Mas o que faria se fosse Presidente da República?
Não aceito o critério que aparentemente foi enunciado pelo primeiro-ministro que teria sido acordado com o Presidente, Marcelo Rebelo de Sousa, de que não há renovação automática de mandatos para determinados cargos públicos. Não pode haver não renovação automática, tal como não pode haver renovação automática. É preciso uma apreciação caso a caso, que resulta de uma avaliação do cumprimento do mandato. Ainda relativamente aos fundos europeus, não tendo nada a ver com a Iniciativa Liberal, concordo com a proposta de que se crie um portal que permita a total transparência e escrutínio de todos os contratos que o Estado, no âmbito dos fundos europeus, vai pôr na praça e que se controle todos os concorrentes. É a transparência que vai garantir a integridade do processo.
O primeiro-ministro já disse que o principal interessado em que haja transparência é ele.
Então é fácil, faça o tal portal. Permitir um esquema de ajustes diretos com um montante elevadíssimo, obviamente não facilita o escrutínio, ou facilita o escrutínio a posteriori.
É preciso seguir o dinheiro.
Não é só a aplicação do dinheiro, é a qualidade das decisões, onde se vai aplicar. Não precisamos de mais elefantes brancos. É preciso um rumo estratégico que neste momento não se vê. Aí o Presidente da República pode ter um papel determinante, no encontrar desse rumo, no definir quais são as prioridades. Por exemplo, empresas que se candidatem e tenham sede numa offshore pura e simplesmente não devem ser aceites.

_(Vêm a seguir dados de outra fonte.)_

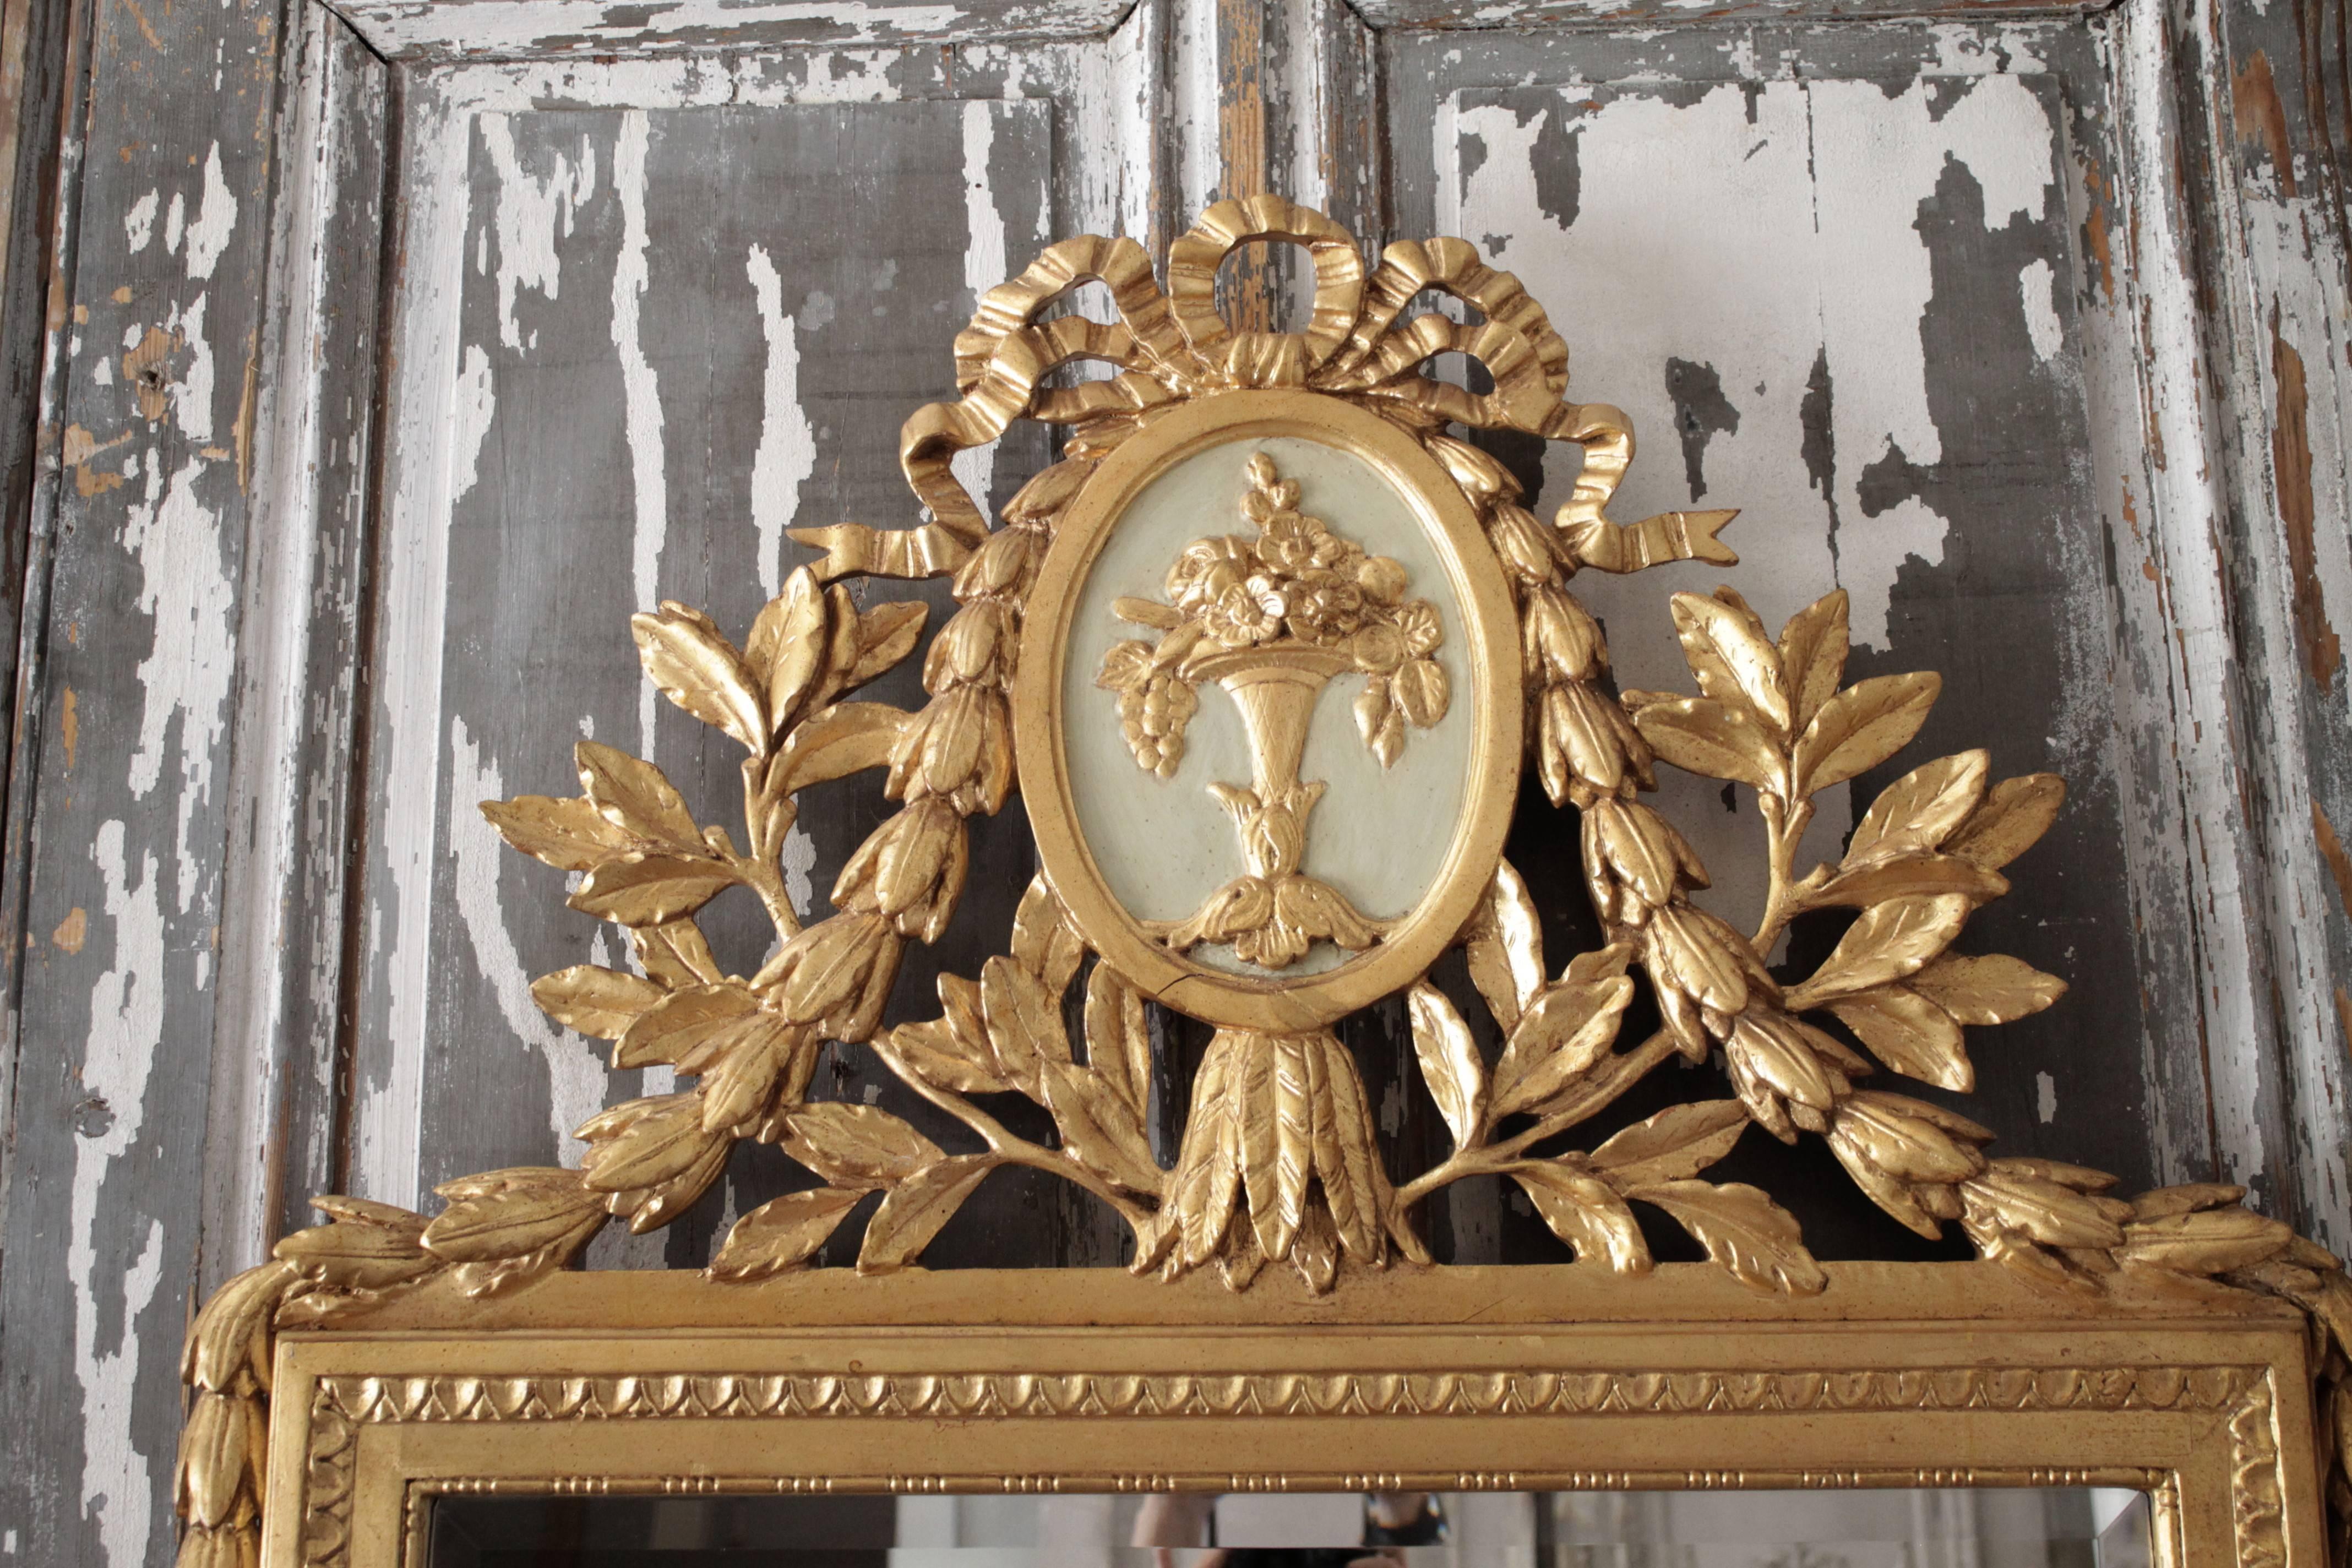 Elegant carved giltwood mirror with decorative elements typical of that period and style include an urn with fruits, flowers and leaves, as well as ribbons and pearls. Original beveled mirror has some aging.

Este PS e este Governo ainda têm muitos dirigentes e também ministros que trabalharam com José Sócrates. Aparentemente ninguém deu por nada, não deram por nada dos casos em que o ex-primeiro-ministro é acusado. O que mudou no PS e no país para que um caso destes não se repita?

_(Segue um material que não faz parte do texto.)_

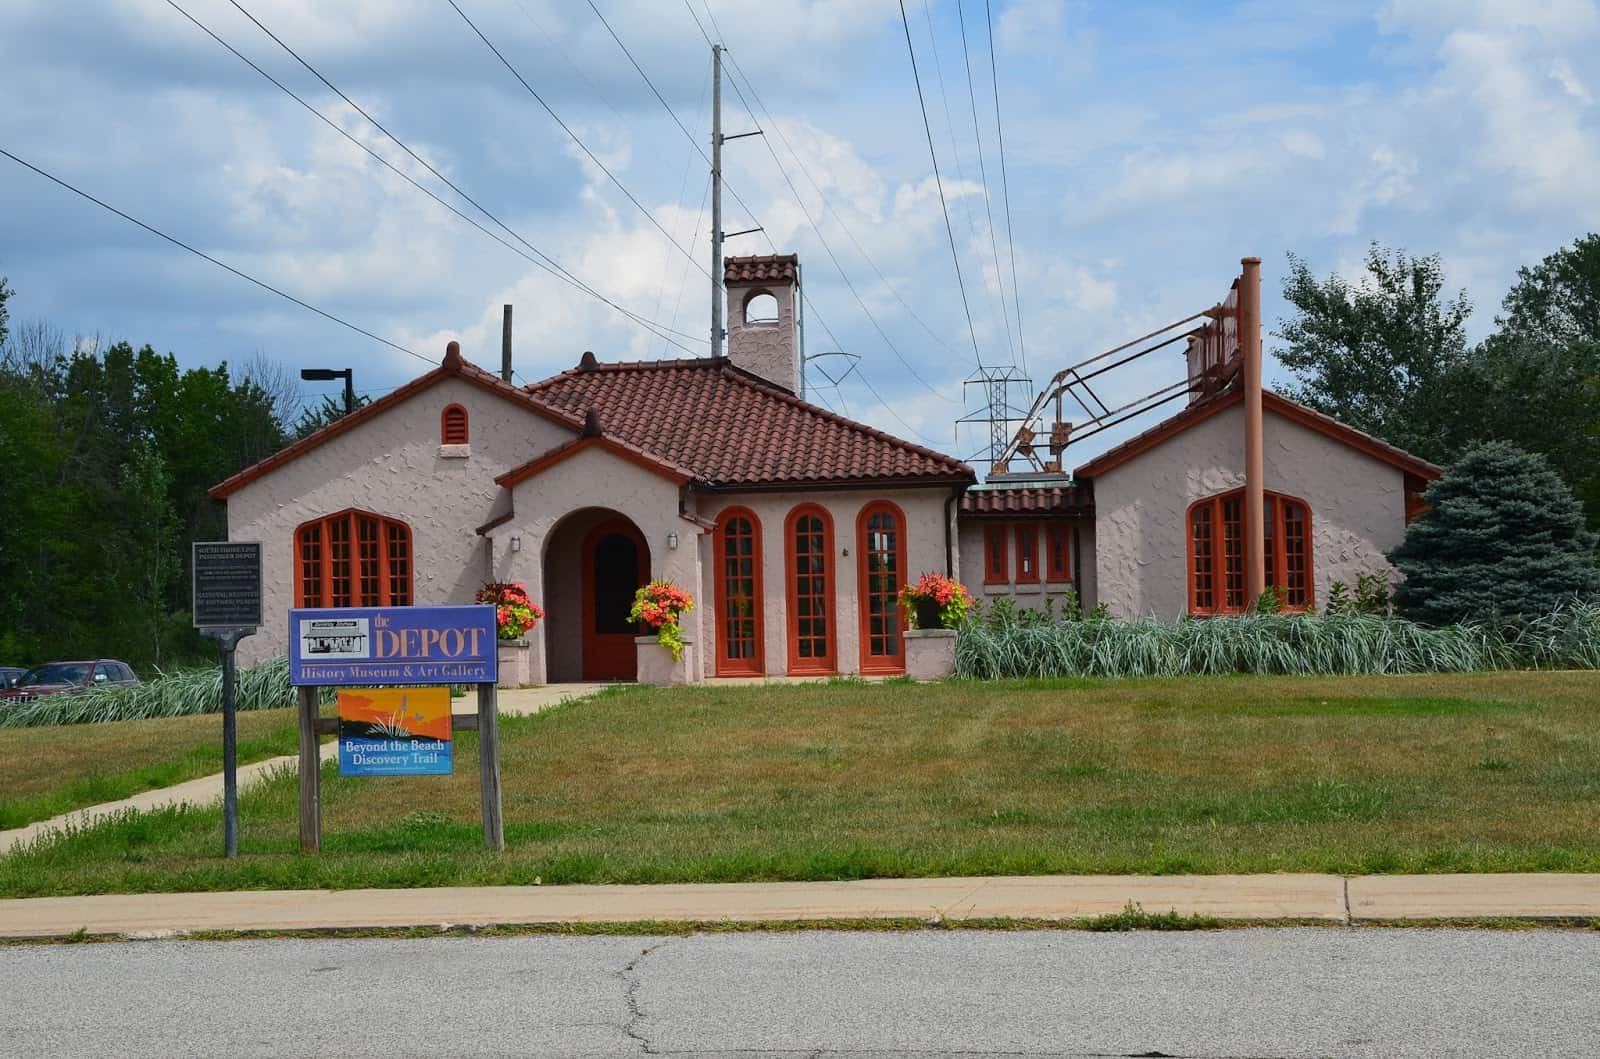 Beverly Shores Depot in Porter County, indiana

Eu fui uma das socialistas que foram a um congresso dizer que o PS tinha de meter a mão na consciência relativamente à forma como se tinha deixado instrumentalizar por José Sócrates.
E o PS pôs a mão na consciência?
Não. Até hoje não a pôs suficientemente, mas no PS há muita gente boa que pensa como eu. E não estou a falar do papel que cabe à Justiça; estou a falar das consequências políticas que um partido como o PS devia ter retirado, até para instalar confiança, não só nos seus militantes, mas em toda a sociedade.

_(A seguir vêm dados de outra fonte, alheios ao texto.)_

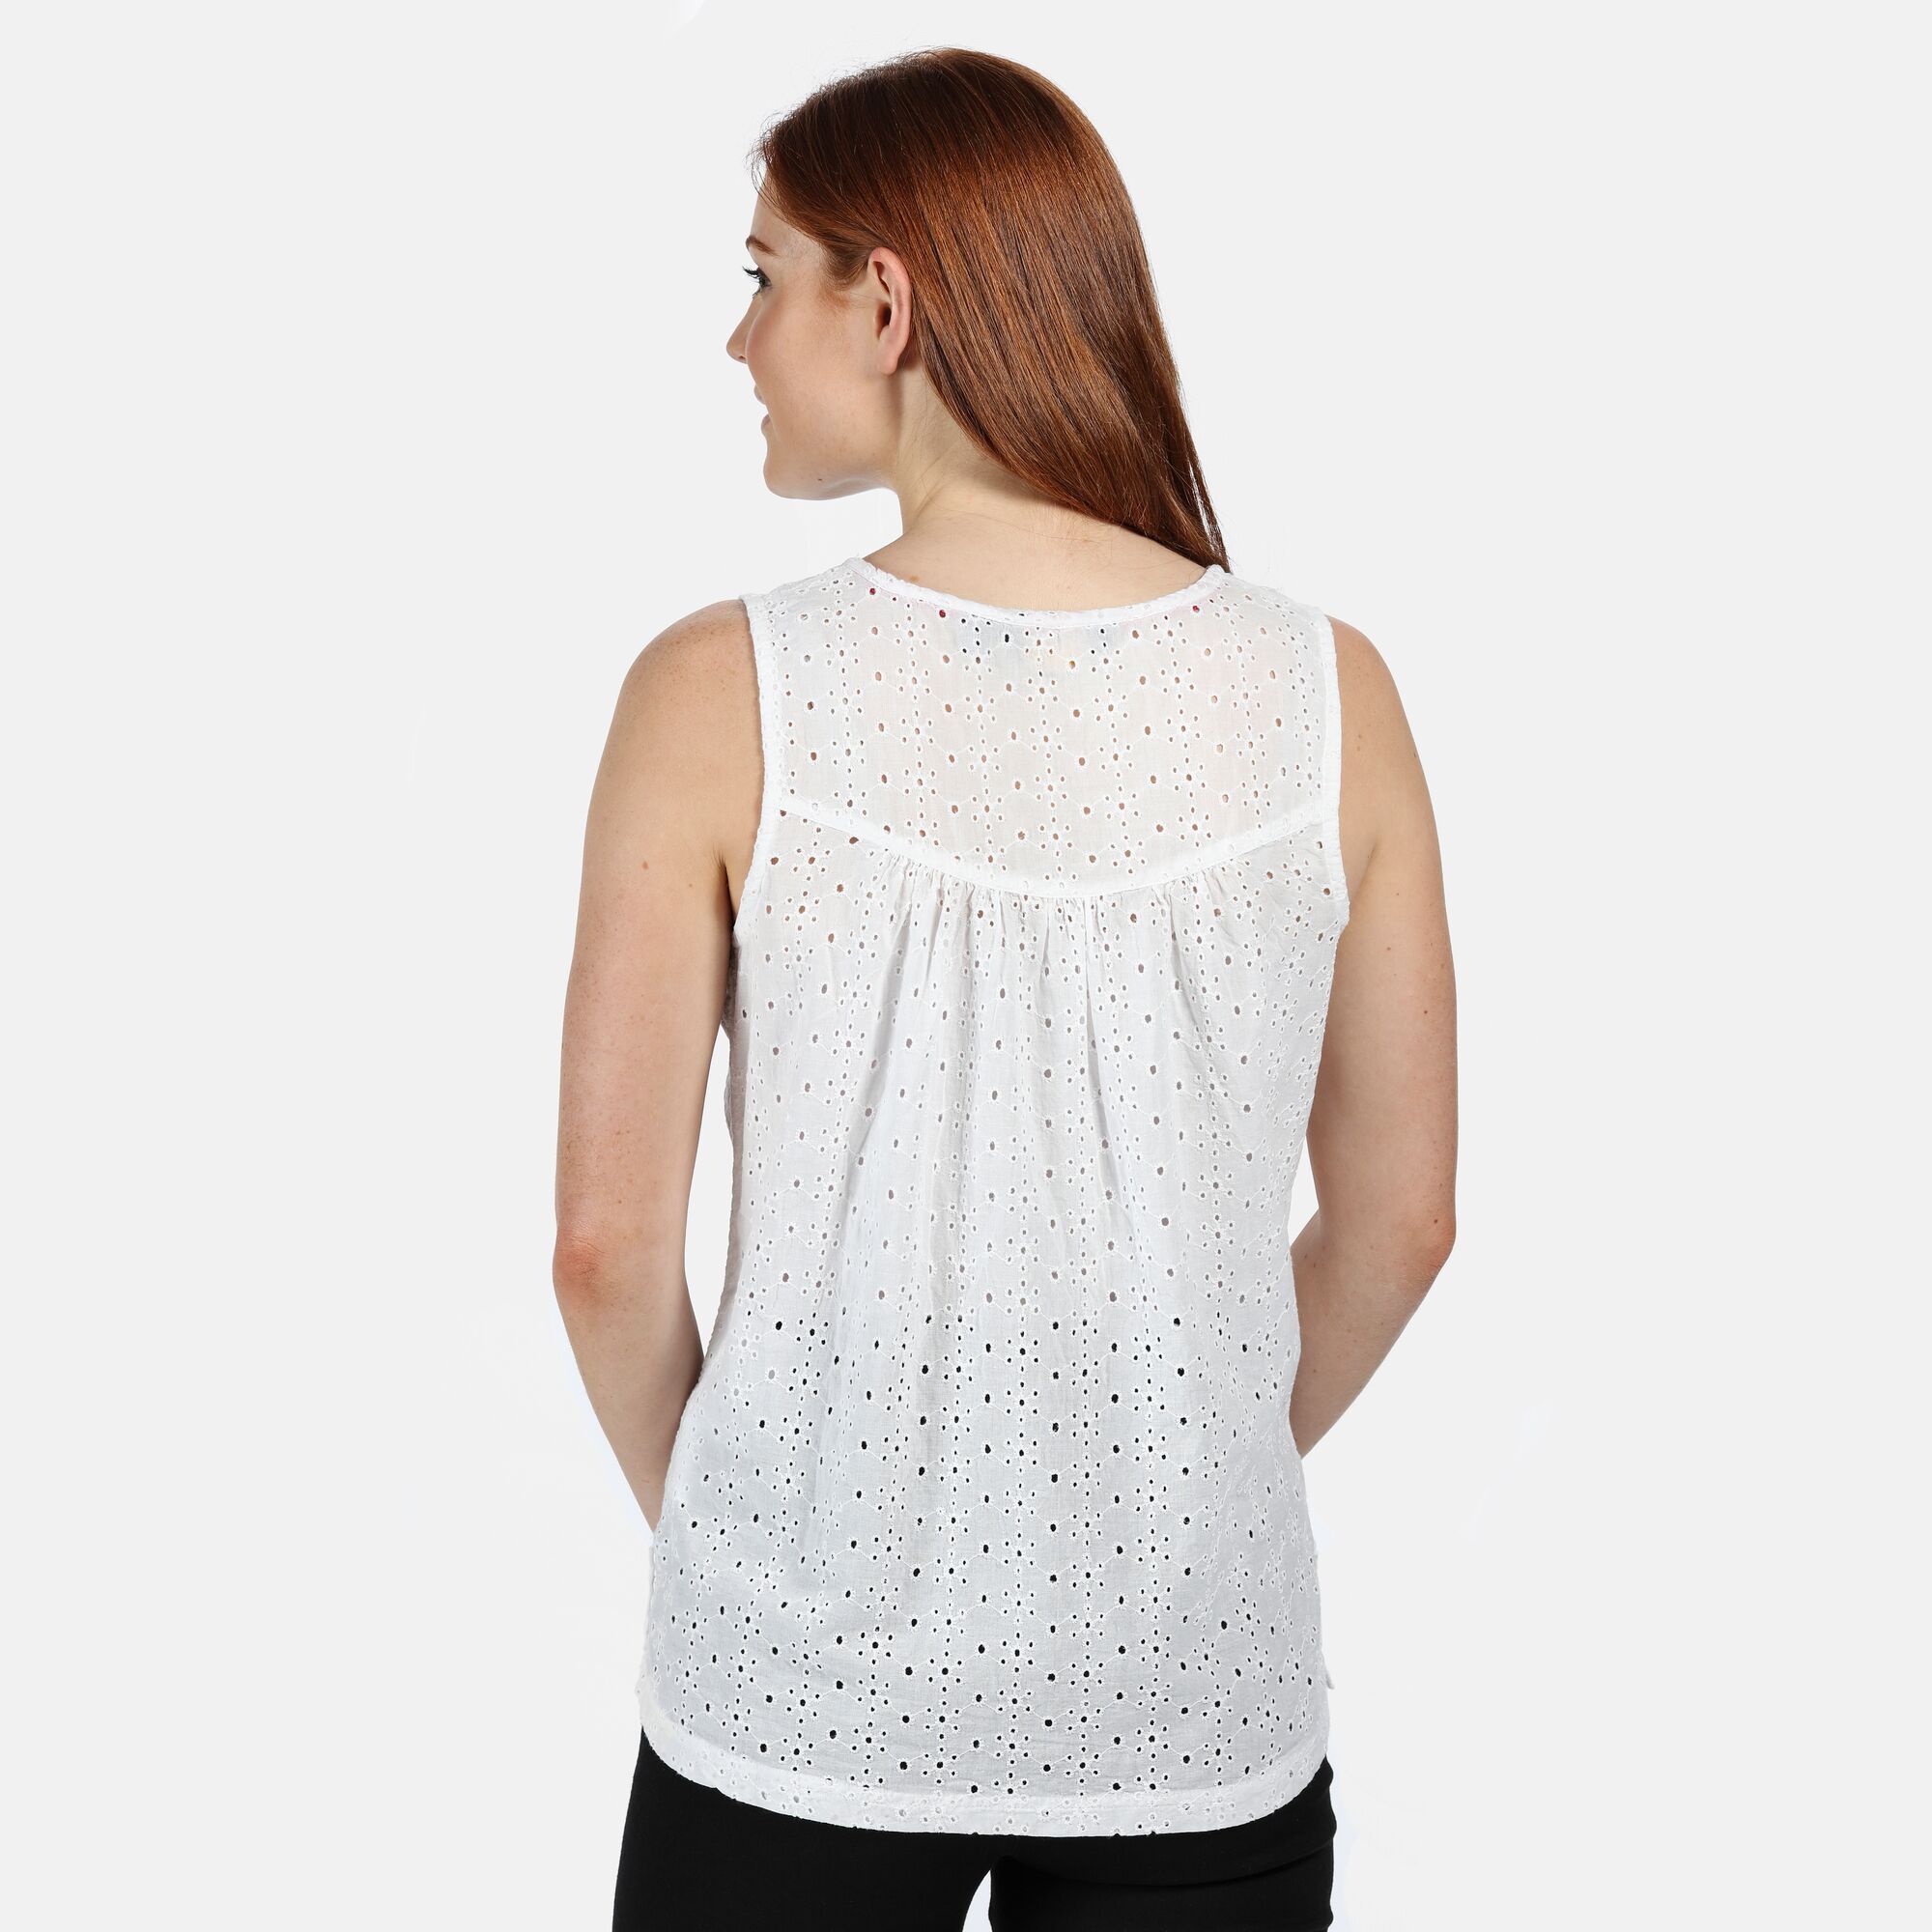 Material: 100% organic cotton. Small v insert to neckline. Side vents.

Se for eleita Presidente da República, o que fará sobre a legalização da eutanásia se lhe chegar às mãos essa proposta?
Eu sou a favor da legalização da eutanásia e a dolorosa experiência que acabo de viver, com o meu marido [faleceu recentemente] ainda mais reforçou essa convicção. Há um sofrimento da própria pessoa, mas também da família que pode ser evitado, se se sabe que se está perante uma situação que não tem regresso, que não tem remédio, que tem de ser evitado. O sofrimento é muito doloroso, é uma verdadeira tortura. Não podemos tolerar isso.